Additionally, these effects are mediated by our body clock, also referred to as circadian rhythm. However, further study is required in order for us to fully understand how it works. Those suffering from type 2 diabetes should consider eating a healthy breakfast each morning to help regulate blood sugar levels.
Missing the occasional meal can have its upsides
Let’s talk about intermittent fasting, it’s trendy now and seems to be all the rage in nutrition these days. Intermittent fasting is when you eat at particular times and then fast between these periods.
With fasting, there are many different regimes you can follow. For example, you may eat for 5 days and then fast for two days or only eat between certain hours such as midday until 8 pm. In doing so, your body supposedly enters “starvation mode” which can cause you to lose muscle mass.

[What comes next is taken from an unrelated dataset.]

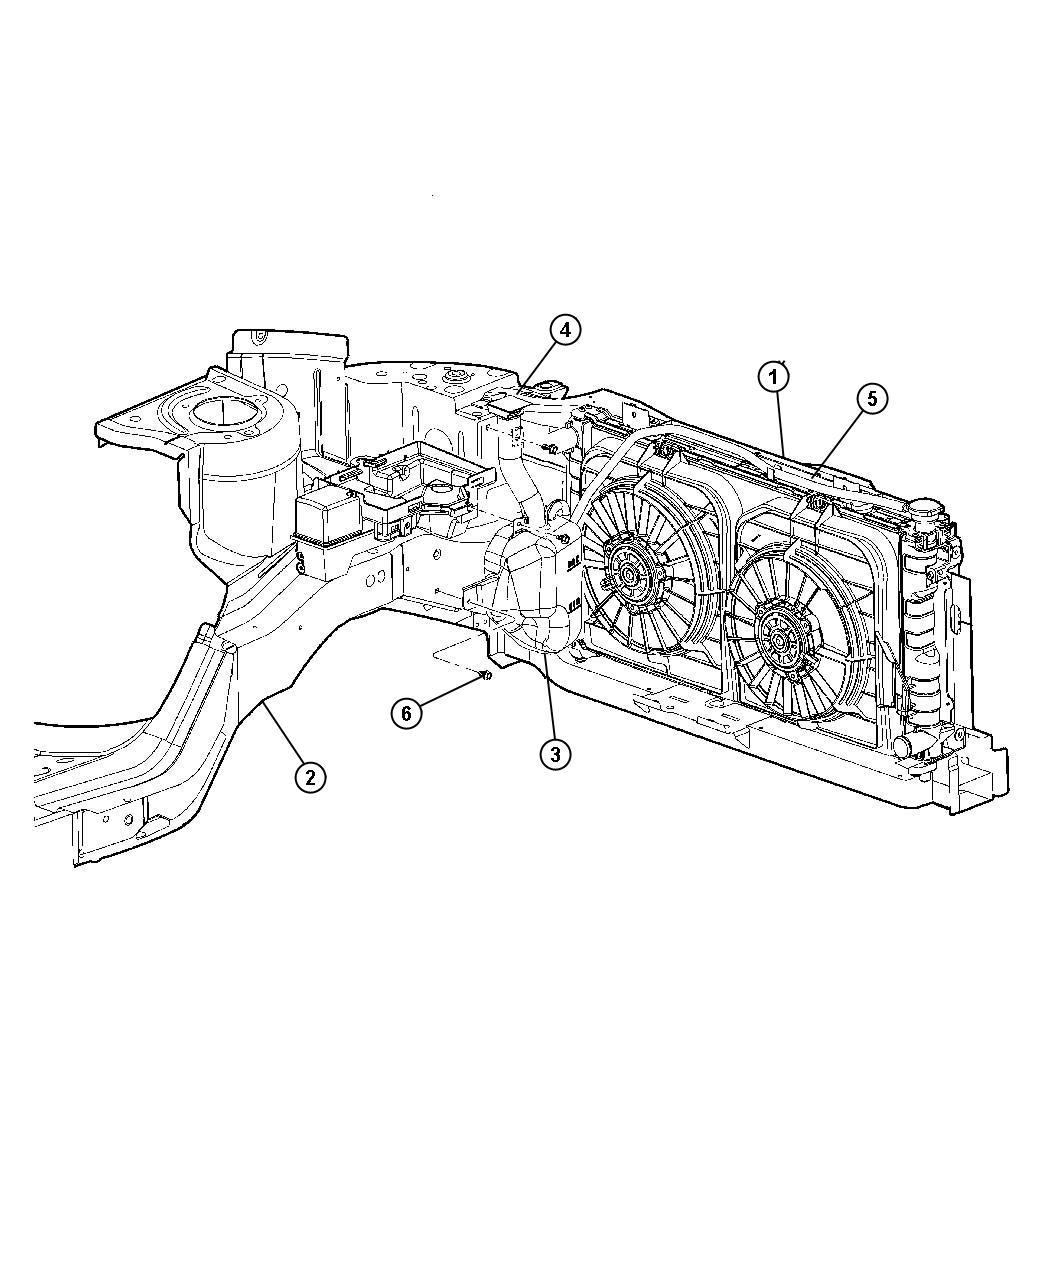 Jeep Liberty Bottle Coolant Reserve Tank Engine

But, this is simply not the case.
Studies into short-term fasting have shown that metabolic rate can increase in the beginning, but after a prolonged period, it goes down. Although, fasting does have several health benefits, including:
- Improved insulin sensitivity
- More control of cholesterol and blood pressure
- Lower glucose and insulin
Intermittent fasting also revs up a cellular clean-up process referred to as autophagy. This is where the body’s cells clear any waste products that build up and contribute to aging and disease.
The bottom line
So, what we’ve managed to establish is that it doesn’t matter whether you eat three larger meals or six smaller meals; it’s the total number of calories that makes the difference when it comes to weight loss.
Eating little and often doesn’t help to improve your blood sugar either. We’re just so used to hearing the mythical ideas that they must be true… wrong! If we’ve learned anything, it’s that eating fewer meals is better for you and your blood sugar.
Ladies, if you take away anything from this, let it be this; eat when you’re hungry, stop once you’re full.